■ Information provided:
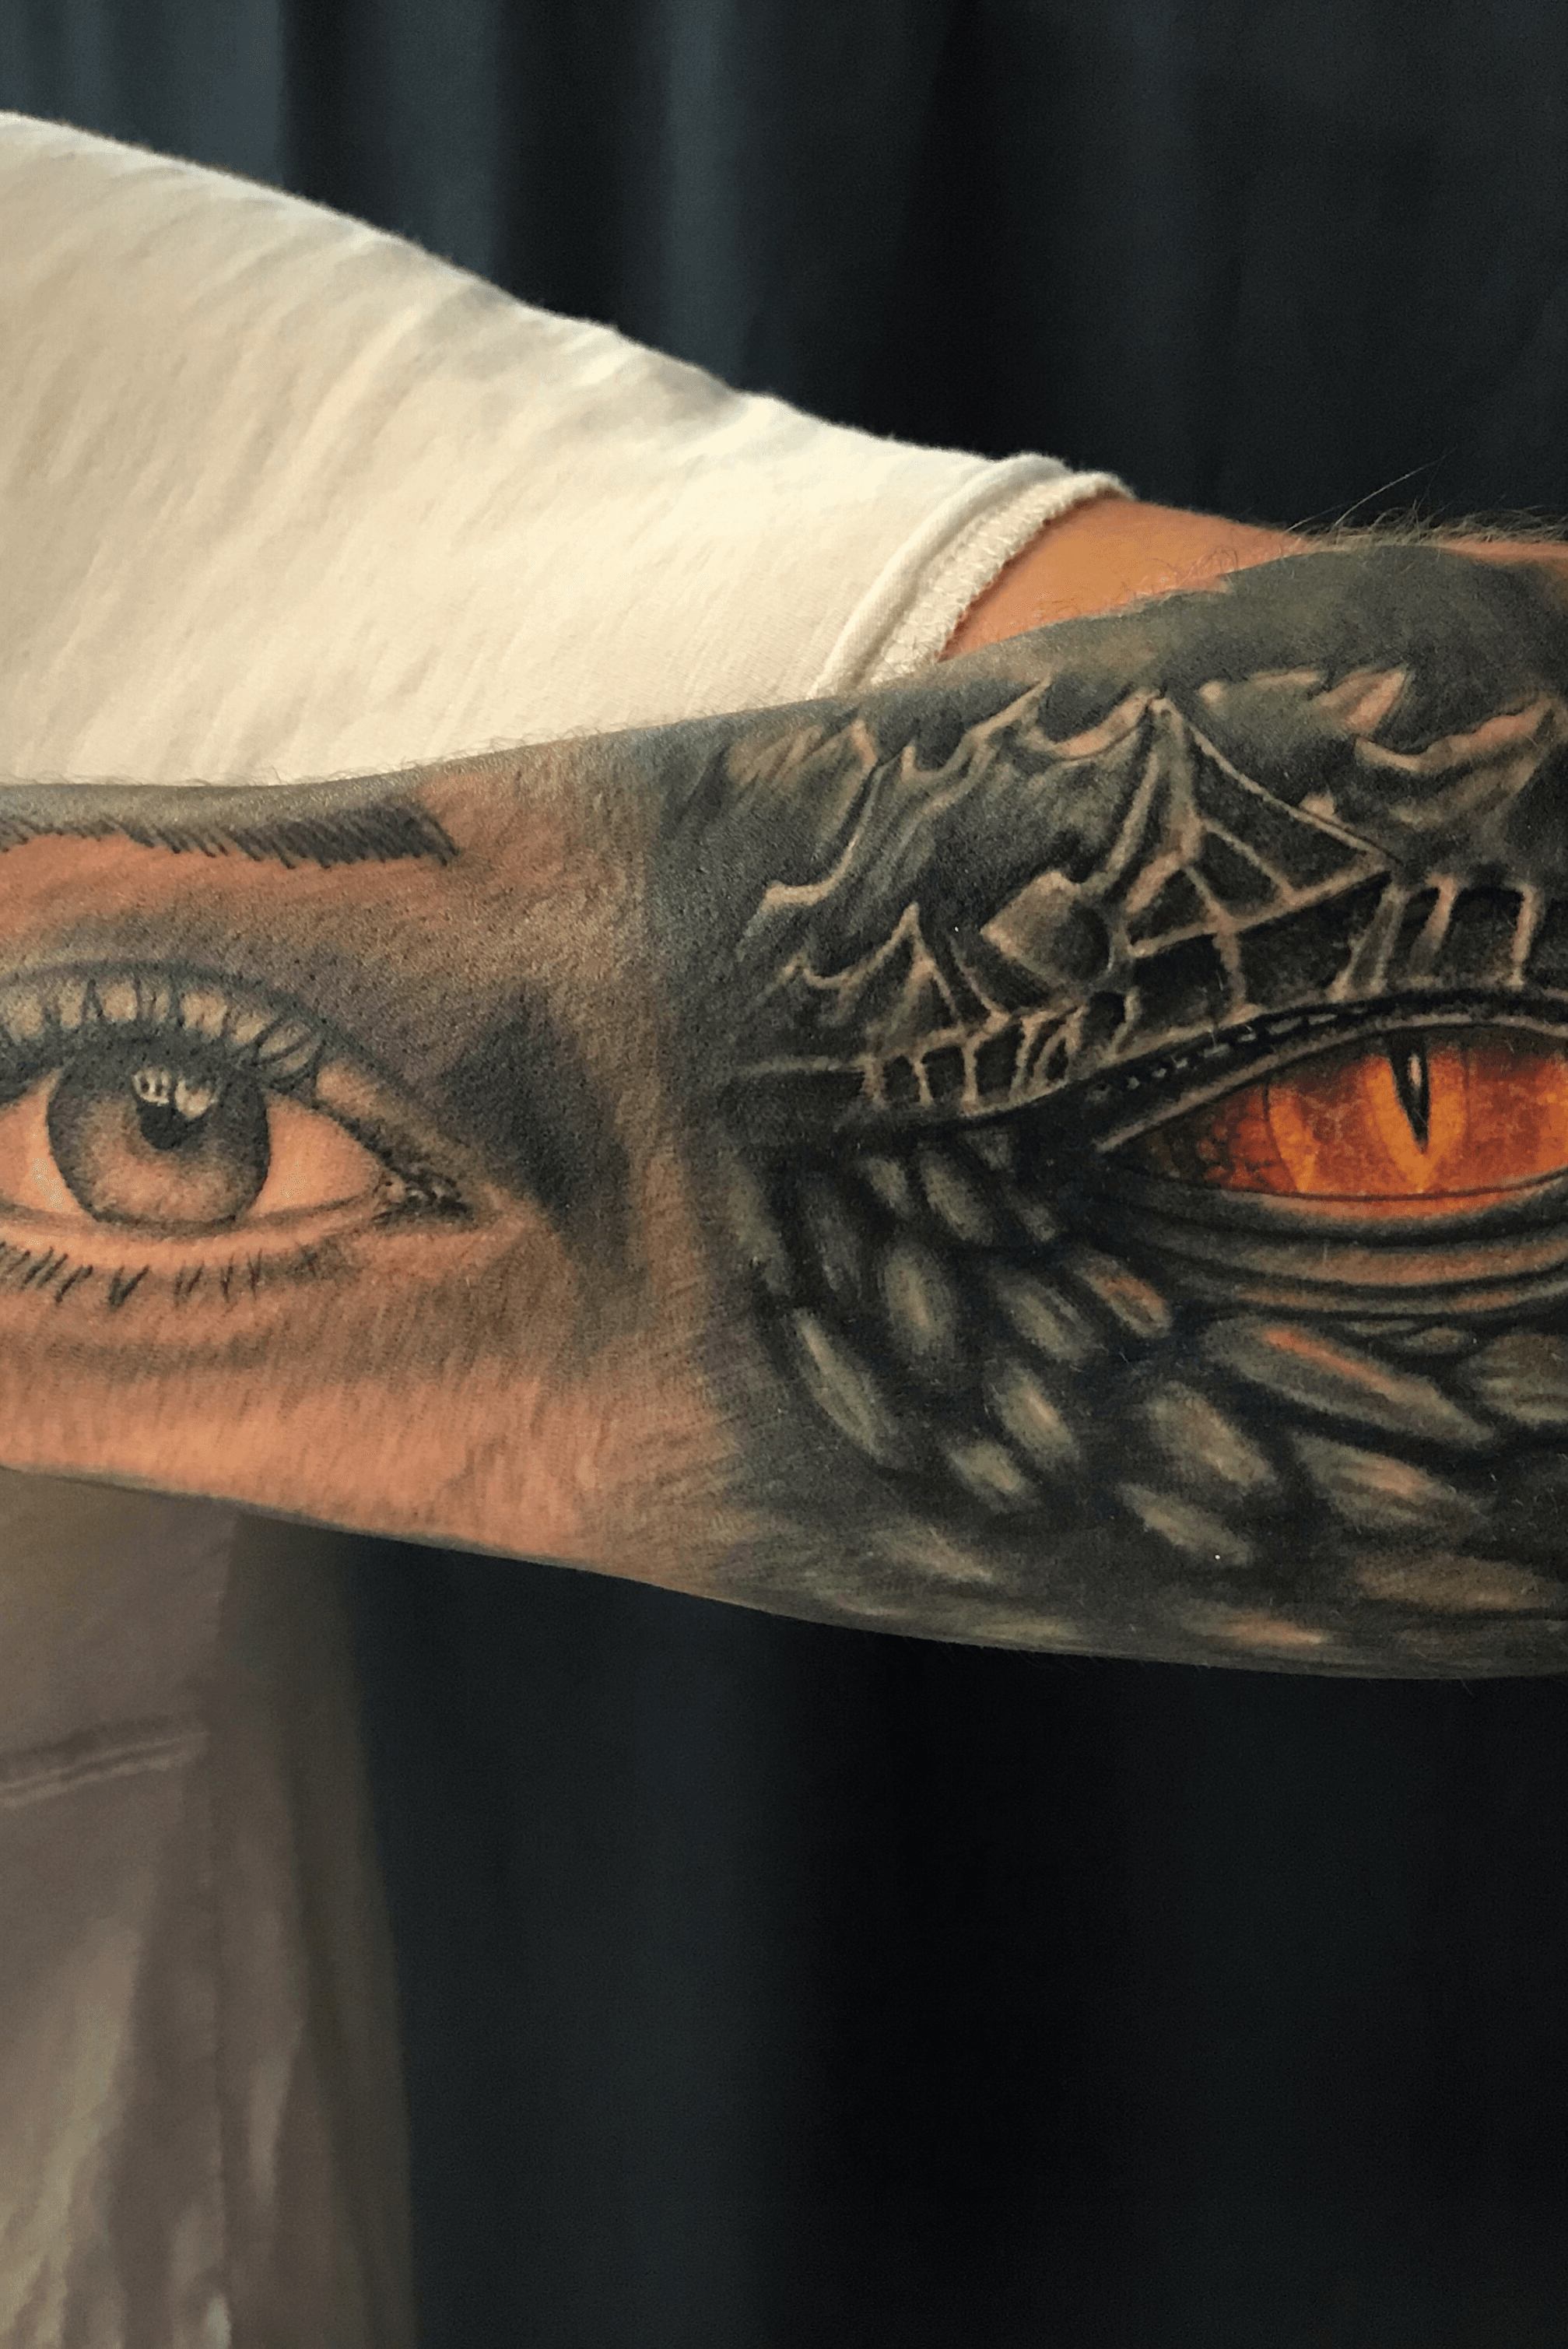 Witches Britches  Broomsticks  Wow amazing dragon eye tattoo We would  love to see your dragon tattoos Feel free to upload a photo below Photo  Credit Dragon Eye Tattoo Artist marcstudioink 
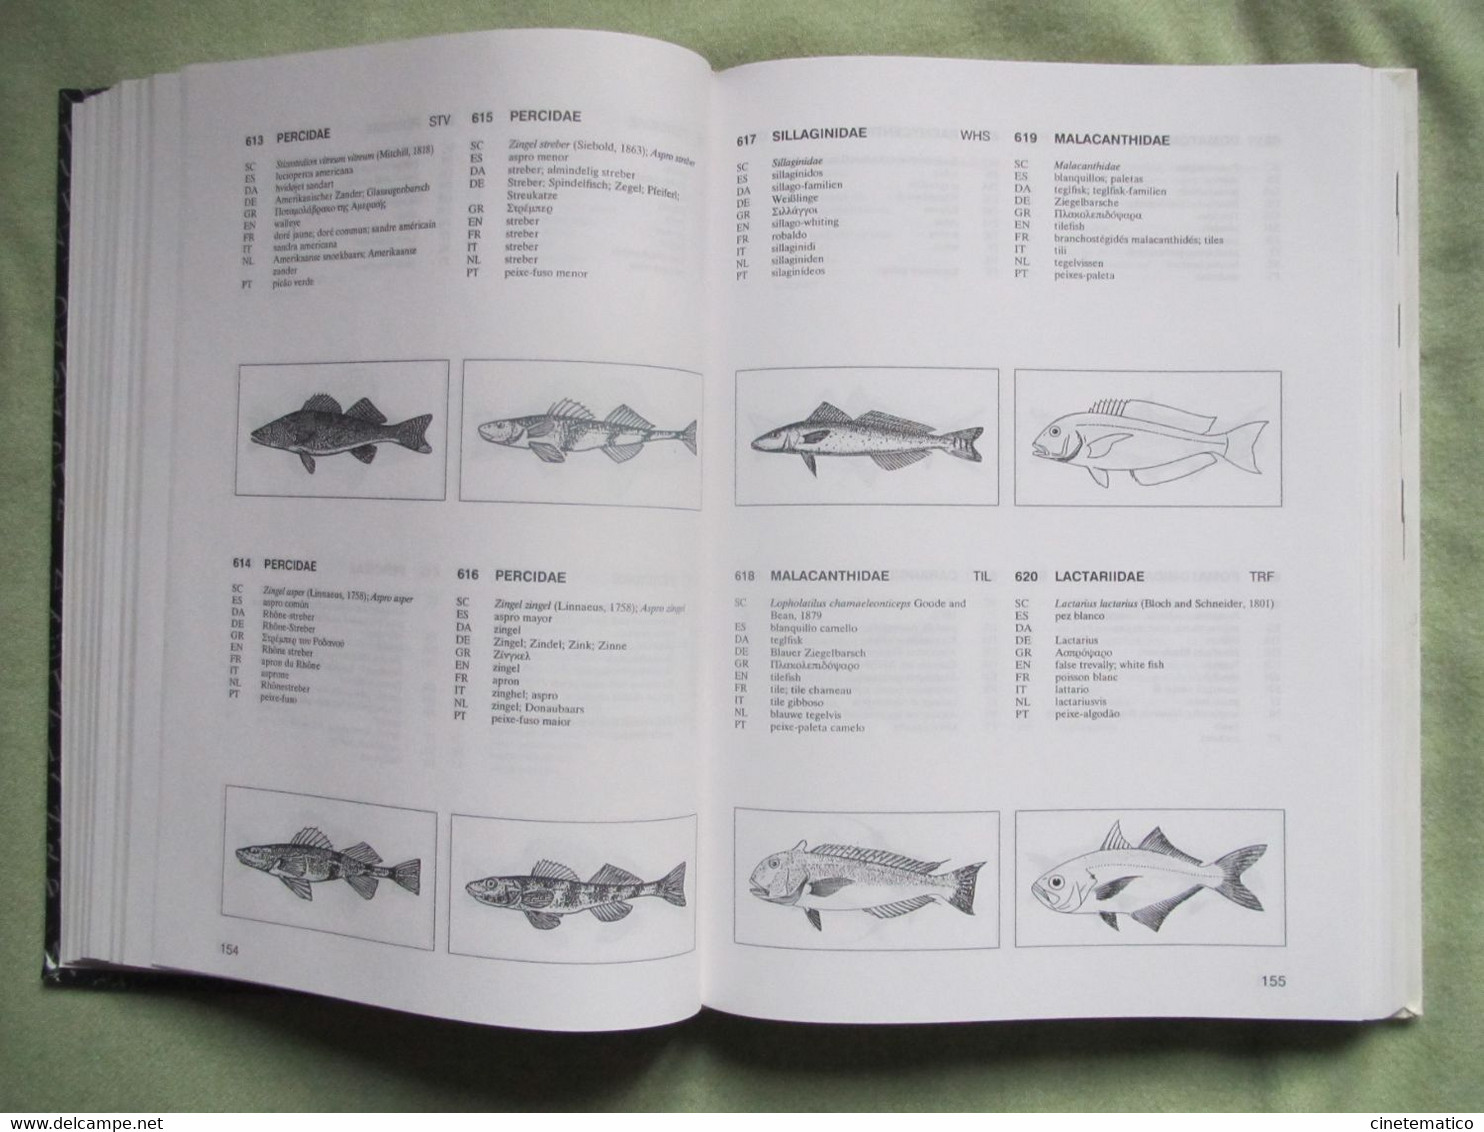 book/livre/buch/libro "Multilingual illustrated Dictionary of Aquatic Animals and Plants"
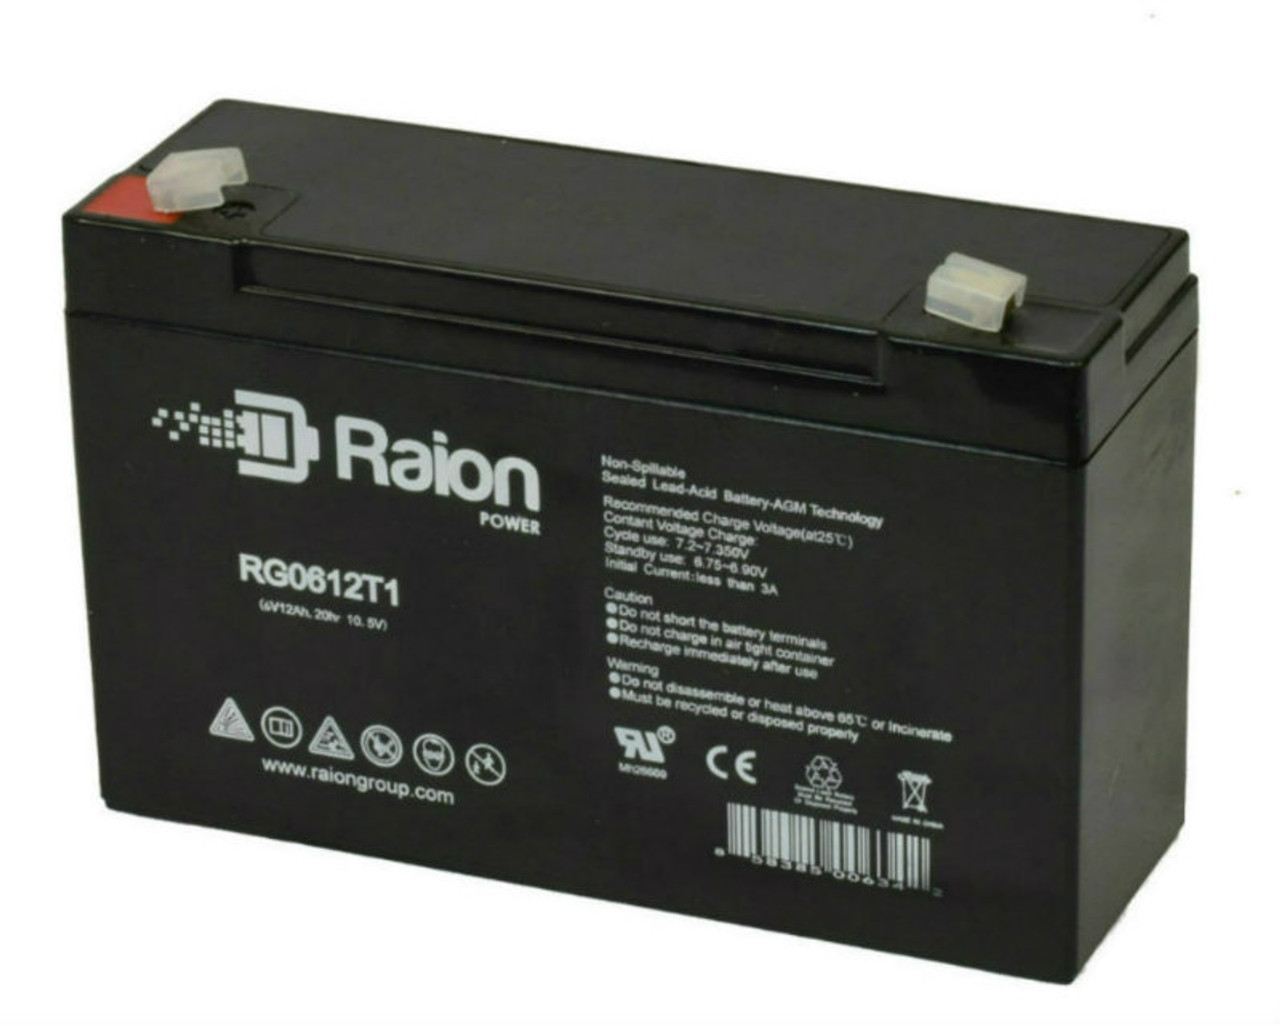 Raion Power RG06120T1 Replacement Battery for Excel XL6100
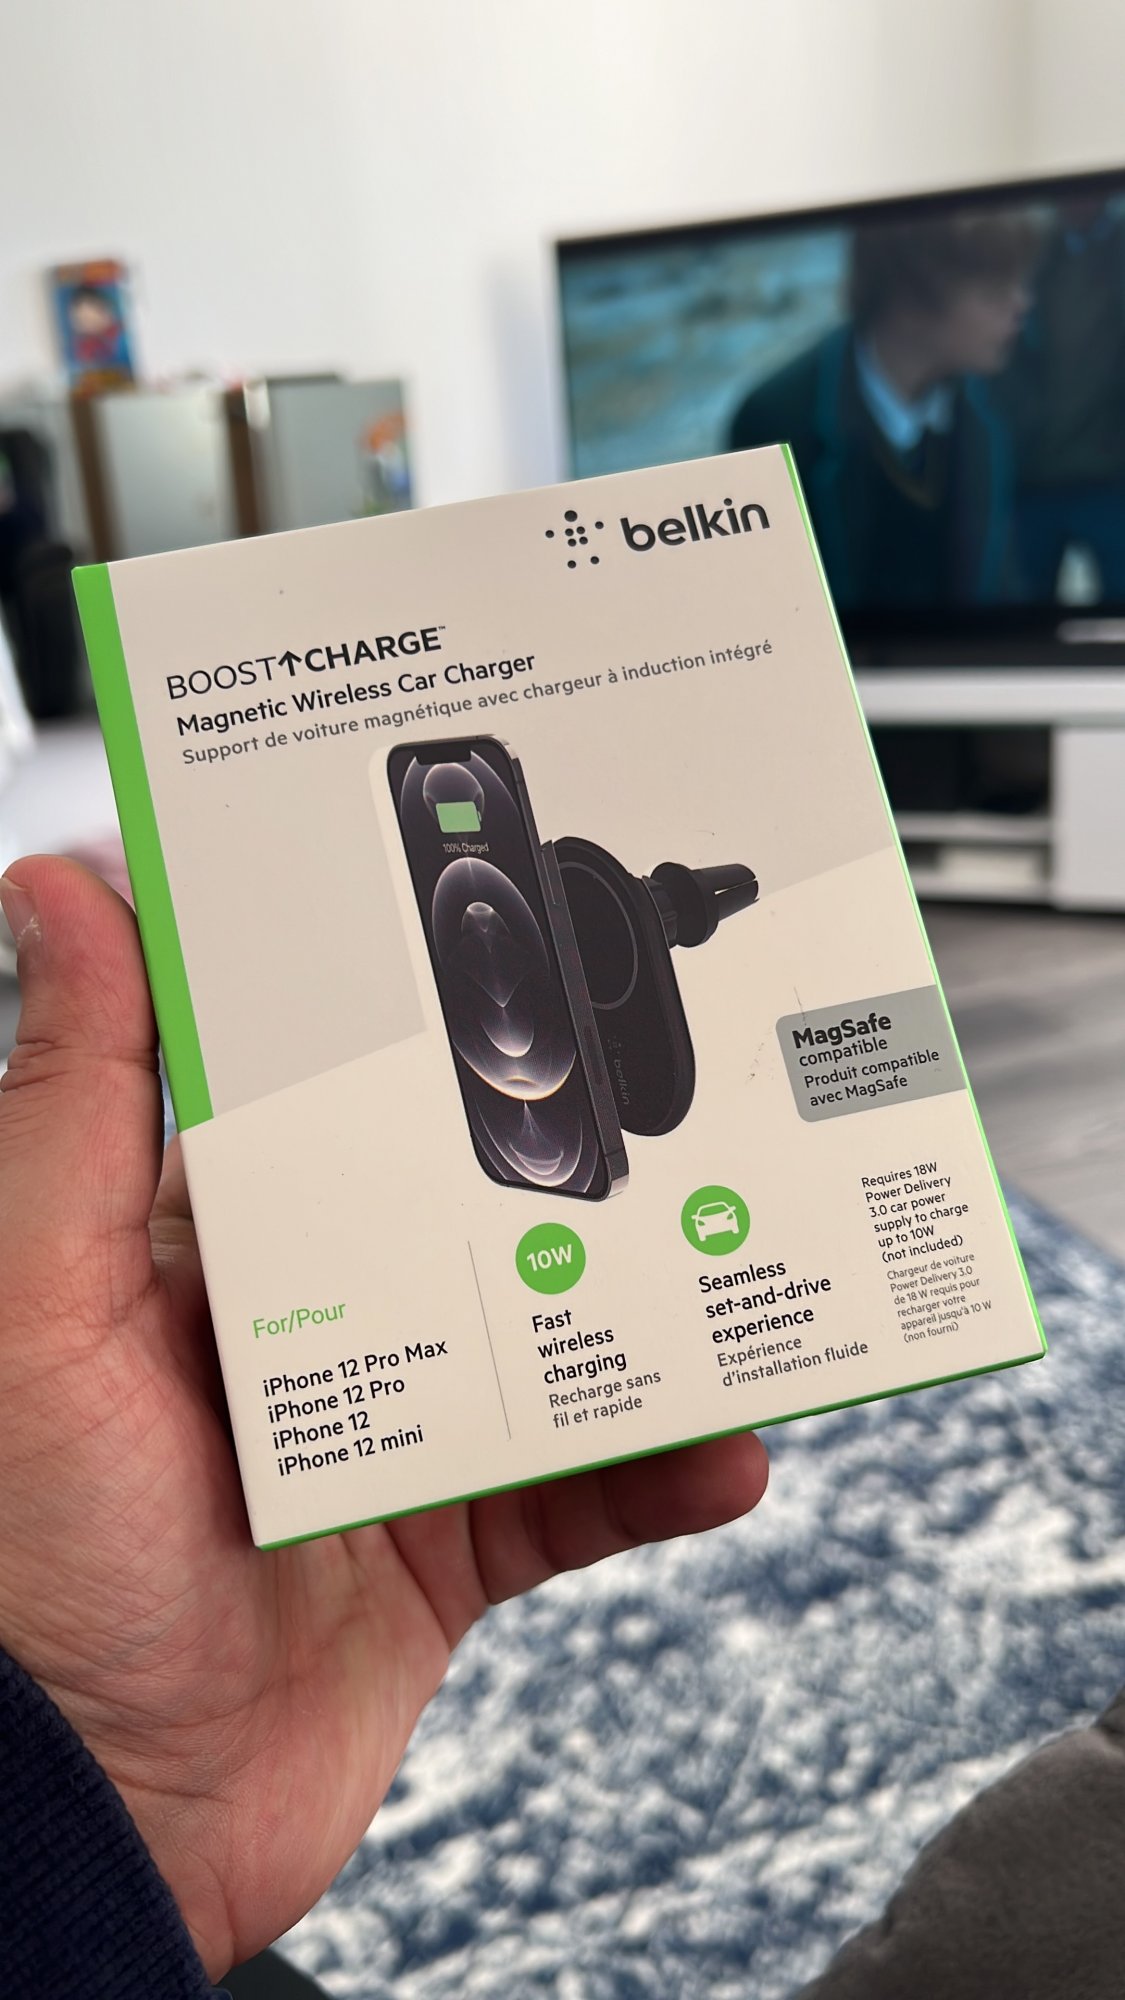 Belkin Boost Charge - MagSafe Wireless Car Charger

■ Problem to solve: Copy out the data verbatim, excluding the pictures.

■ Reply:
 Witches Britches  Broomsticks  Wow amazing dragon eye tattoo We would  love to see your dragon tattoos Feel free to upload a photo below Photo  Credit Dragon Eye Tattoo Artist marcstudioink 
 book/livre/buch/libro "Multilingual illustrated Dictionary of Aquatic Animals and Plants"
 Raion Power RG06120T1 Replacement Battery for Excel XL6100
 Belkin Boost Charge - MagSafe Wireless Car Charger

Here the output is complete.